My macroecon 101 professor, way back in the day, was fond of starting out his lectures by reminding us the "Incentives Matter".
The two parties have been feeding us candidates that range from "kinda bad" to "*expletive deleted*ing subhuman commie" for decades, and people always have this same conversation about least bad or throwing your vote away, and in the end, it's ehat?what? 80% of voters just go with their party candidate no matter what. They convince themselves that this election is too important, or the country is at stake, or whatever else they use to justify voting for a bad candidate, and pull the lever.
The voters of the party offer no incentive for the party to offer a good candidate, much less actually reform the party into something better. The leftists at least realize this and offer the incentive that if they aren't catered to, or at least offered a b9ne, they'll burn down parts of the city. Not ideal, but effective.

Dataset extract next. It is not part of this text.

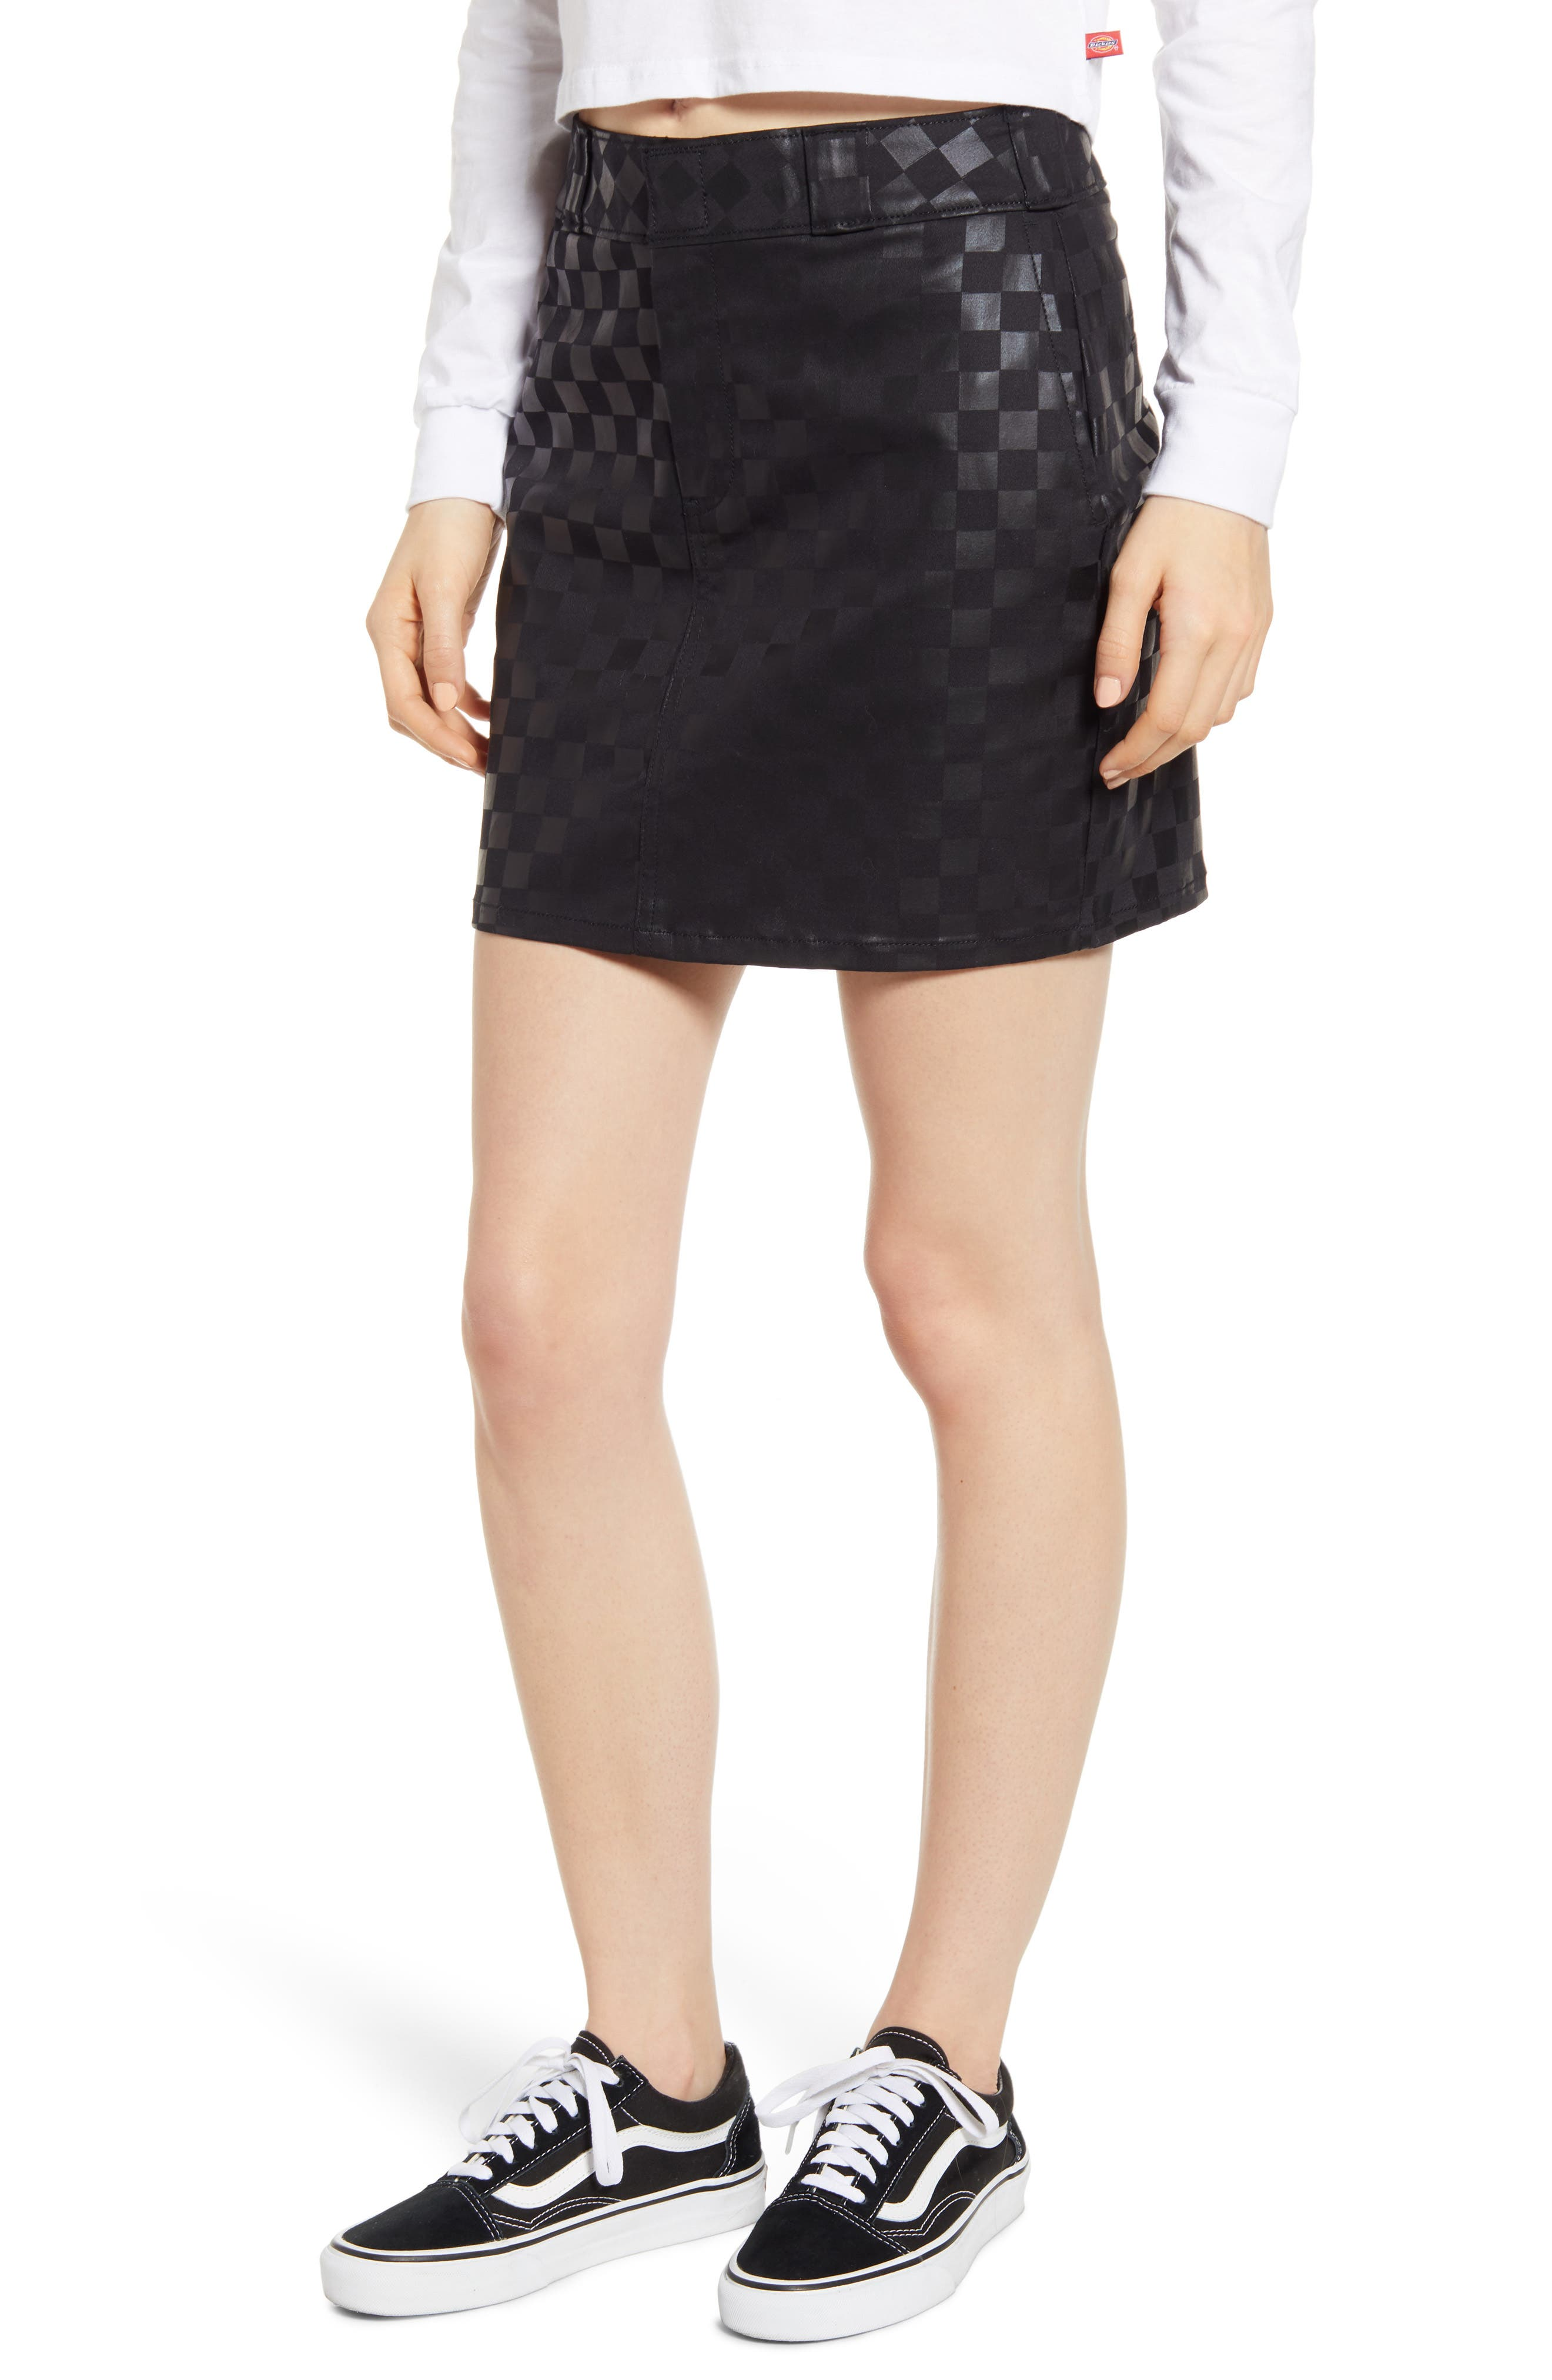 Dickies Check Print Work Skirt, Black

Incentives matter. If you don't give the party leadership incentive to change how they pick candidates, they will not change.
On a philosophical note, I reject the idea that you vote against someone, or against a candidate. That's not how our system works. You voted FOR someone. When Biden stands up and says "I got 82 million votes!" there's not an asterisk that 60 mil of them were actually against Trump. When you cast a vote for someone in the US you are lending them your small portion of legitimacy and authority. Own that. If you feel too uncomfortable to say "I voted for [candidate]" and have to coach it in terms of voting against the other one, maybe take a hard look at what you're supporting. Because you ARE supporting your candidate and their policies.